Sollte ich fleißig arbeiten, statt faul zu sein, weil ich anderen nichts mitgeben kann, weil ich einer bin, der abhängig ist und ein schlechtes Zeugnis ist? Sollte ich wieder anfangen, die Bibel zu lesen, mir Gott persönlich zu suchen, ja, so wie ein Jünger hört? Sollte ich evangelistische Kontakte aufbauen, oder muss ich vielleicht auch, auch das ist ein Gebot Gottes, einfach mal Pause machen?
Ich weiß nicht, wo es in deinem Leben steckt, aber ich möchte dich fragen: Bist du bereit für die Wahrheit?
Und ich möchte jetzt die Gelegenheit geben, wirklich ins Licht zu treten, nicht länger davonzulaufen. Du kannst und du darfst jetzt mit Gott neu anfangen.
Vielleicht ist dir heute Morgen klar geworden, dass du kein Christ bist, dass dein Christsein, dein vorgespieltes Christsein, eine einzige Lebenslüge ist. Dass du irgendwann mal als kleines Kind vielleicht Ja zum Herrn Jesus gesagt hast, aber dass sich nichts, aber auch wirklich nichts dadurch verändert hat. Und seit der Zeit bist du mitgeschwommen im Gemeindestrom.
Vielleicht merkst du das: Ja, mein Leben ist eine Lüge. Ich bin nicht echt. Der da vorne hat etwas, was ich nicht habe. Und wenn das so ist, dann möchte ich dir sagen: Das ist nicht schlimm. Schlimm ist es nur, wenn du nicht siehst, was heute und jetzt Gott von dir will.
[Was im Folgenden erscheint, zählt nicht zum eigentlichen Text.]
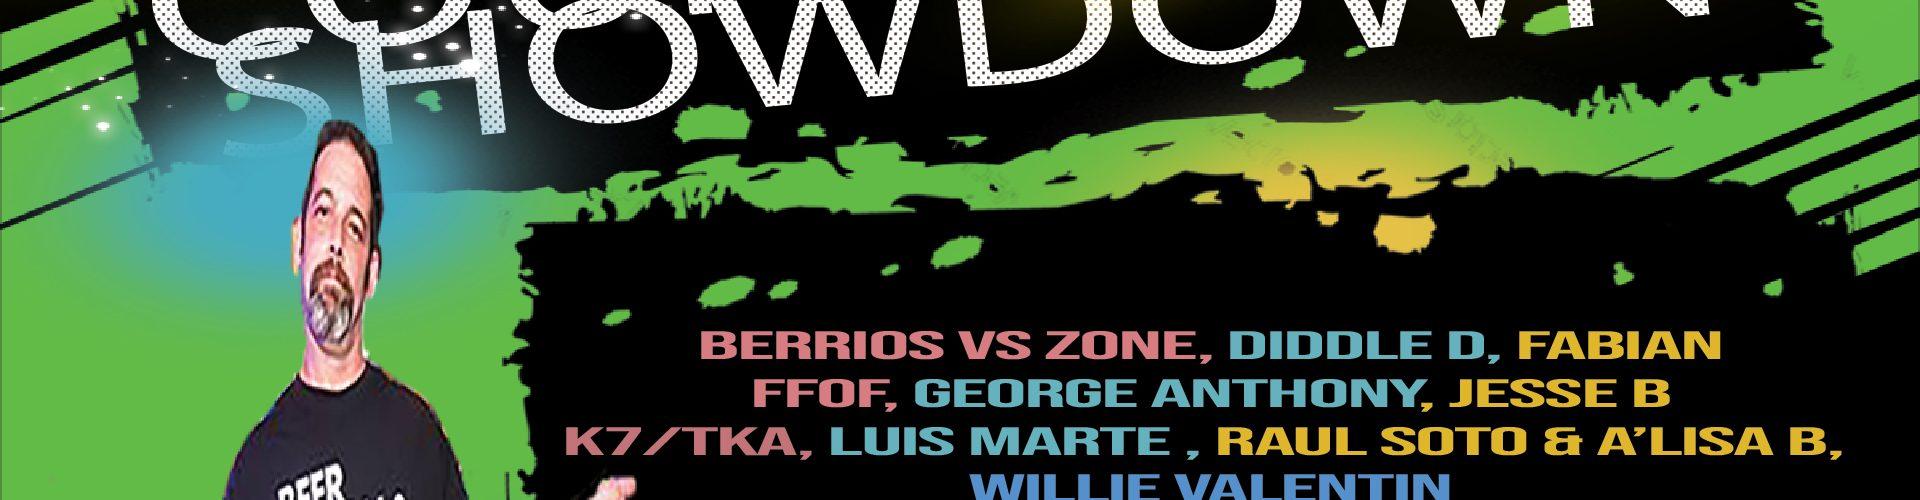 August Coundown Showdown with DJ Xtacy

Jeder von euch mit seiner persönlichen Portion Selbstbetrug ist heute Morgen angesprochen.
Es gibt einen Ausweg, wenn wir ehrlich sind. Es gibt die Umkehr zu Gott, und es gibt die Rückkehr in eine ungetrübte Gemeinschaft.
Ich möchte, dass wir uns jetzt zwei Minuten Ruhe geben. In dieser Zeit können die, die nicht gläubig sind und mit Gott anfangen wollen, zu Gott beten und Gott darum bitten, dass er sie in sein Leben aufnimmt. Alles, was es dazu braucht, damit du gläubig wirst, ist Ehrlichkeit, nicht mehr.
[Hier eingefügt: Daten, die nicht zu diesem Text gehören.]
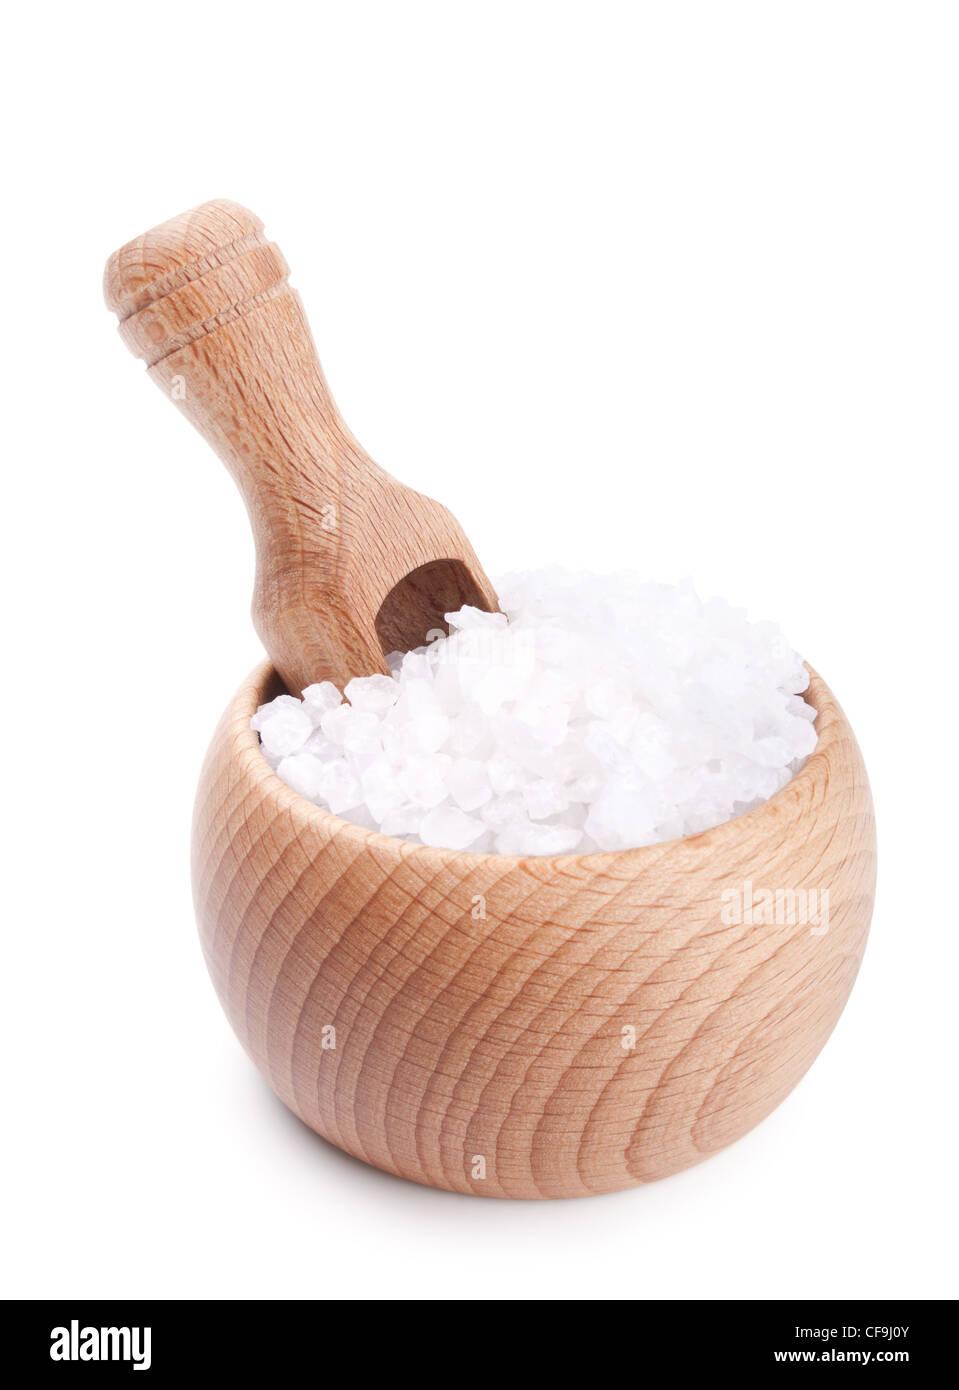 Scoop en bois dans un bol rempli de sel de mer isolé sur fond blanc Photo Stock

Gott hat gesagt, dass jeder, der ihn suchen wird, ihn auch finden wird. Das ist eine Zusage. Und wenn du bereit bist, mit deinem ganzen Herzen und mit deiner ganzen Seele und mit deinem ganzen Verstand und mit deiner ganzen Kraft Gott zu lieben, dann ist das alles, was er will.
Gott will keine oberflächlichen Bekehrungen. Er will dein Herz, und er will das Ganze. Und wenn du sagst: Ich möchte heute mit Gott ganze Sache machen, ich möchte anfangen mit ihm, und ich weiß, was du beten sollst, ich habe dir auf den gelben Zettel auf die Rückseite ein Gebet geschrieben, bete das. Aber lass diese Zeit bitte nicht vorbeischreiten.
Wenn irgendetwas in deinem Herzen dich jetzt berührt und du denkst: Ja, ich müsste eigentlich jetzt ganze Sache machen mit Gott, dann tu es jetzt, einfach weil du nicht weißt, ob du morgen noch Zeit hast. Und wenn du sagst, bei mir ist es nicht ganz so krass, ich möchte nur mit Gott neu anfangen, dann tu das jetzt auch.
Ich werde dann nach einer Zeit der Stille im Gebet abschließen.